Large-volume feed manufacturers often maintain their own data bases of nutrient analyses. They may be somewhat reluctant to contribute nutrient values to a national feed data base in view of confidentiality issues. However, a major factor limiting their interest in a North American data base is that the former national data base is incomplete, inaccurate, and out of date.

The criteria for the usefulness of a national feed data base to large-volume feed manufacturers and the technical service industry would include flexibility, transferability, confidentiality, cost-effectiveness, established guidelines, index and reference values for bioavailabilities, applicability as a training tool, and comprehensiveness.

To provide flexibility, the feed information system must have the ability to describe feed ingredients on the basis of source, process, location, and region, among other factors. The data base must be developed such that individual manufacturers can easily develop subsets of specific nutrients for a given ingredient and have the ability to construct any number of comparative dietary scenarios.

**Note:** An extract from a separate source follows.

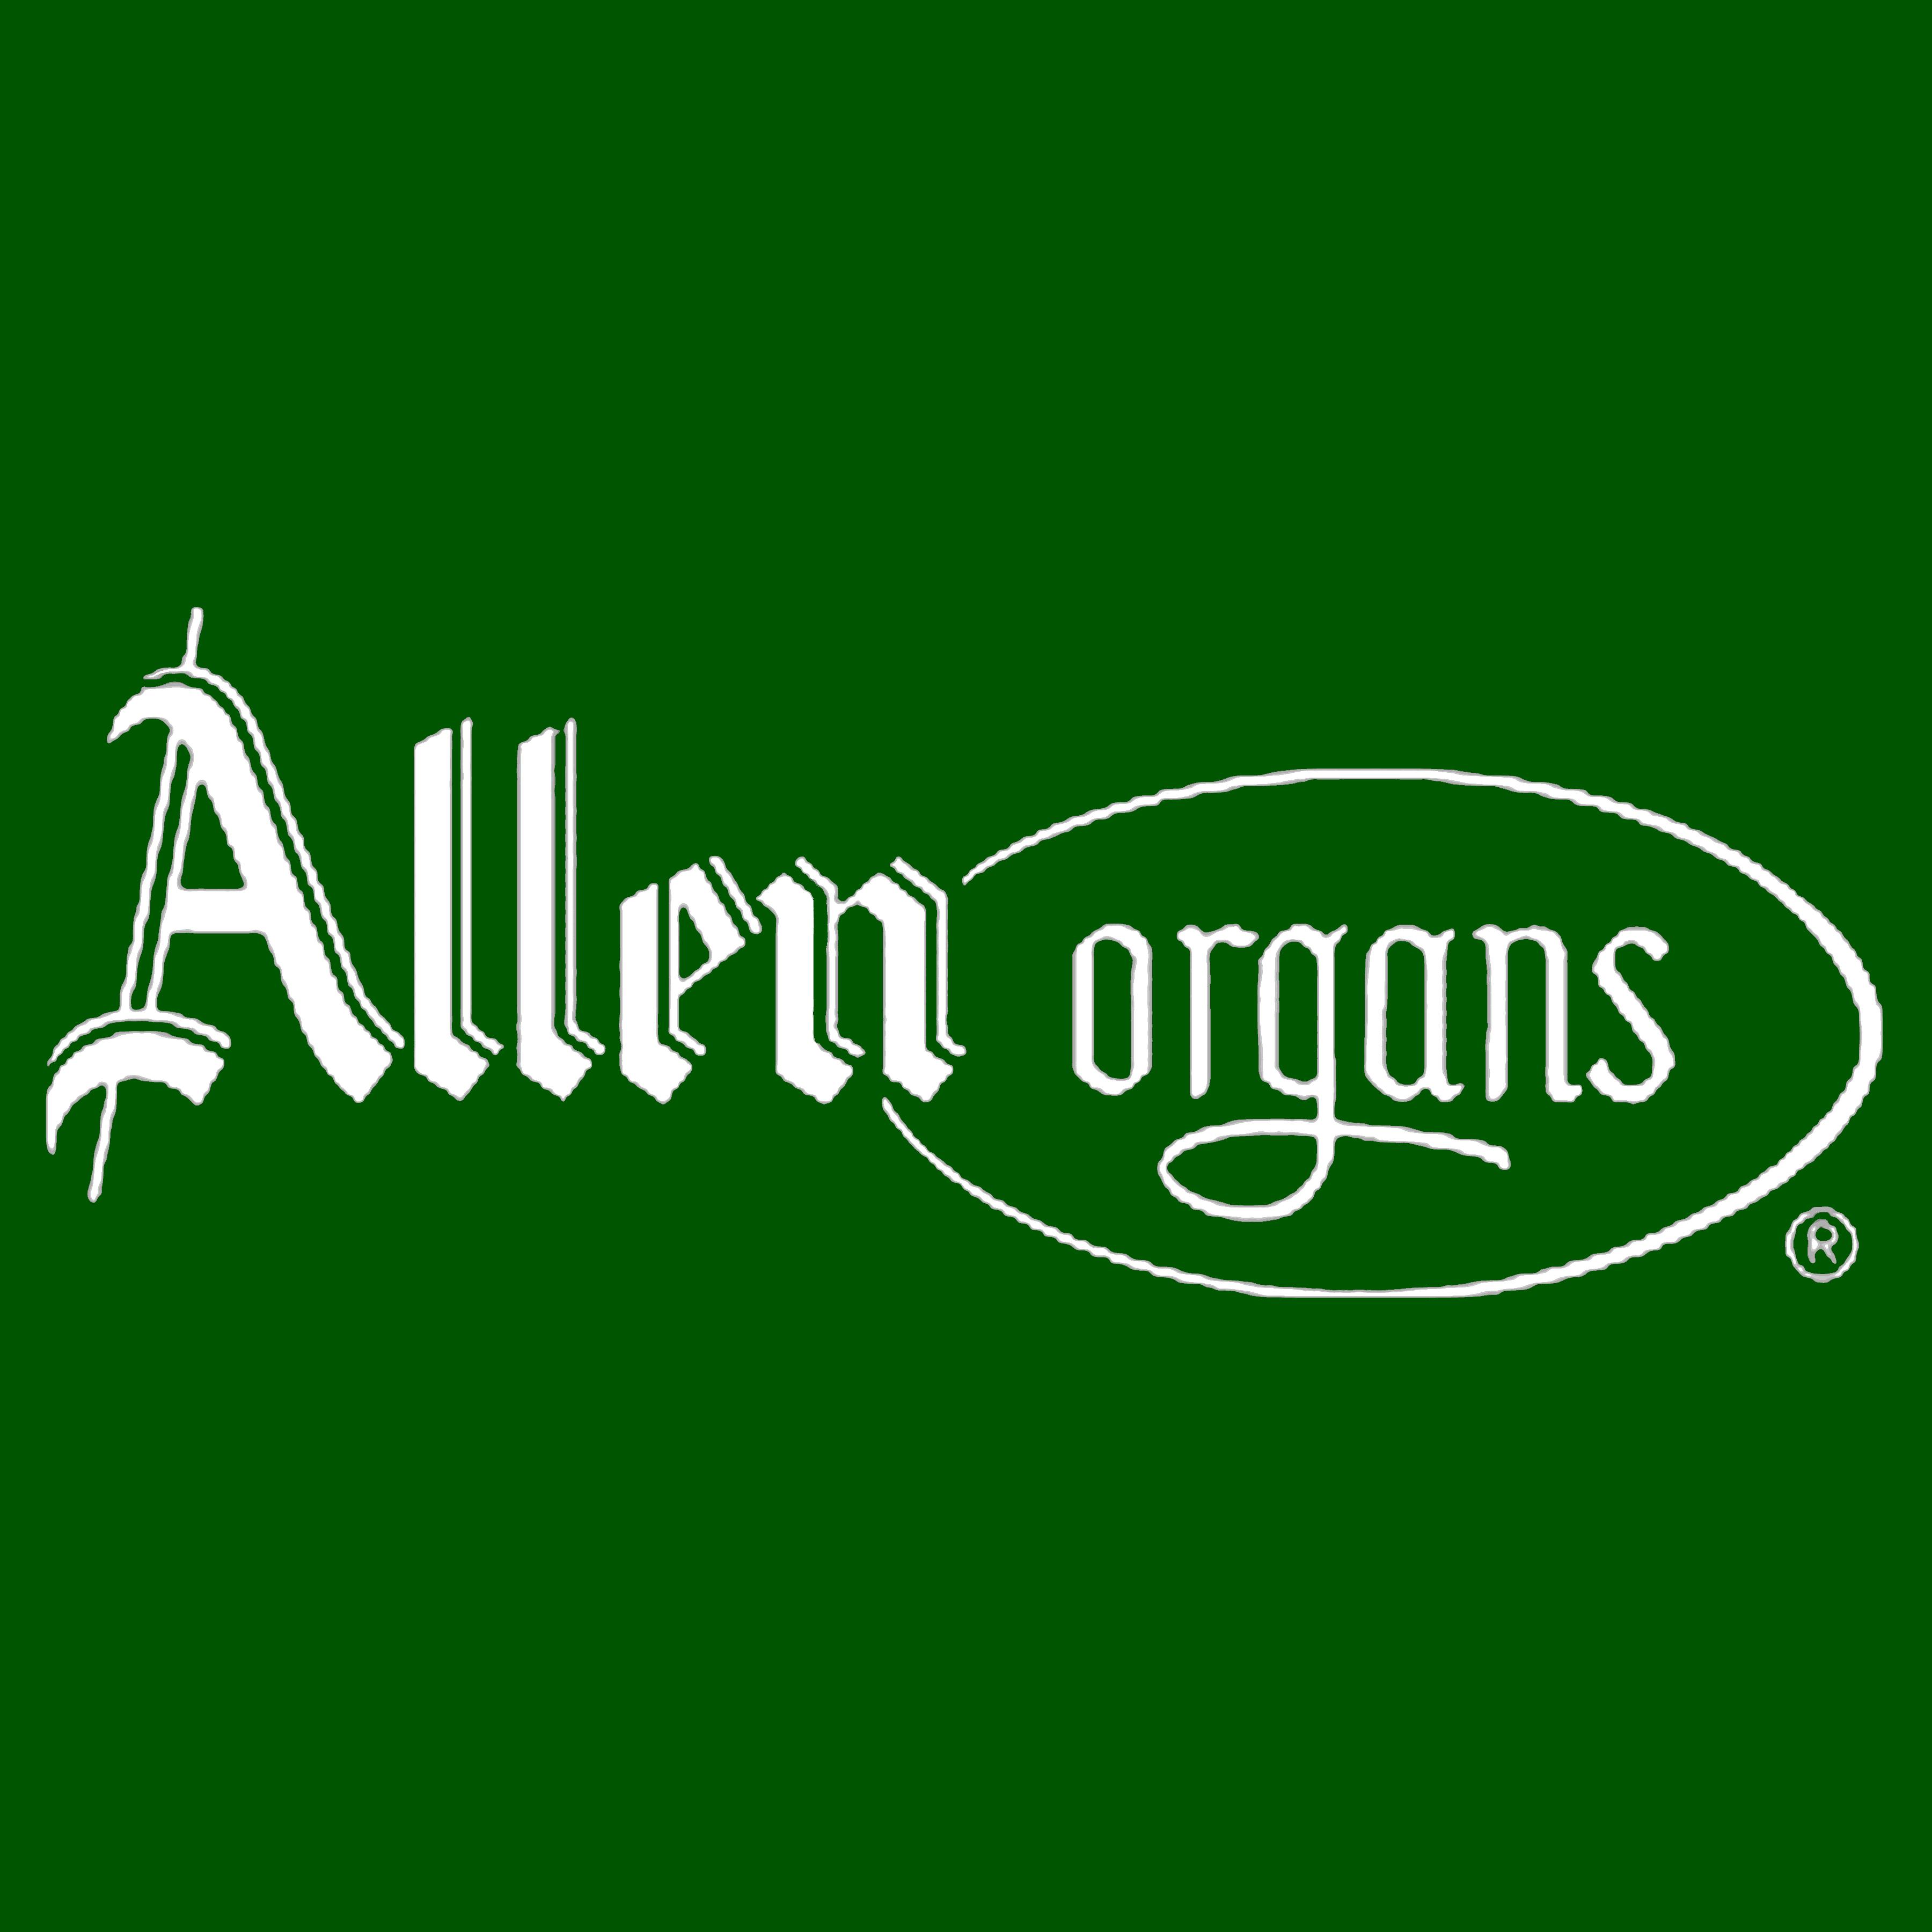 Allen Digital Computer Organ Studios (WA)
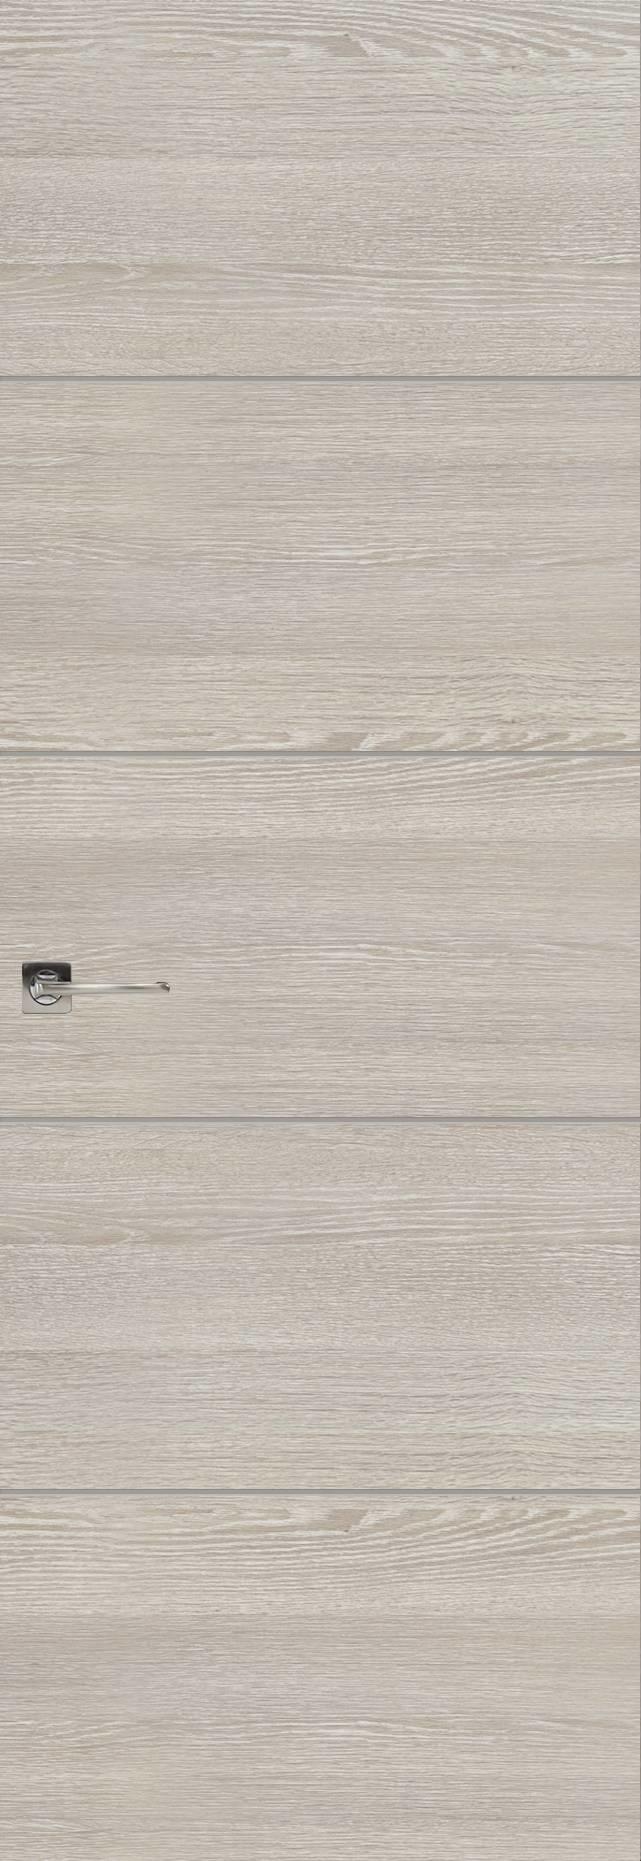 Tivoli Д-2 Invisible цвет - Серый дуб Без стекла (ДГ)

To provide for the transferability of data, the system must allow for the convenient transfer of data into the manufacturer's data base, but feed manufacturers should not be required to make substantial efforts to submit their own data to the system. Feed manufacturers will be more likely to contribute ingredient information if their data are kept confidential by submitting them through a third party or a trade organization and withholding the original contributor 's name. This concern originates in part from the potential for liability. To be cost effective, the data base must present an opportunity to provide added value or a cost benefit.

A North American data base would provide guidelines for normal variations

in nutrient composition among ingredients in manufactured feeds. It also could provide a historical perspective on newly acquired ingredients to characterize substitutability for other ingredients.

The data base also must include reference values for bioavailabilities. Although bioavailability data would not likely be provided by feed manufacturers, incorporation of digestibility values and absorption coefficients into the data base could provide a reference in addition to privately developed values.

The data base would play a unique role in training technical service personnel to identify the variations in ingredients associated with feed manufacturing. This would allow the customer, and the ultimate consumer, to be more aware and knowledgeable of why manufactured feed specifications have the potential for variation.

The comprehensiveness and currentness of the data base would be achieved by incorporating the most recent information into the data base on a periodic basis.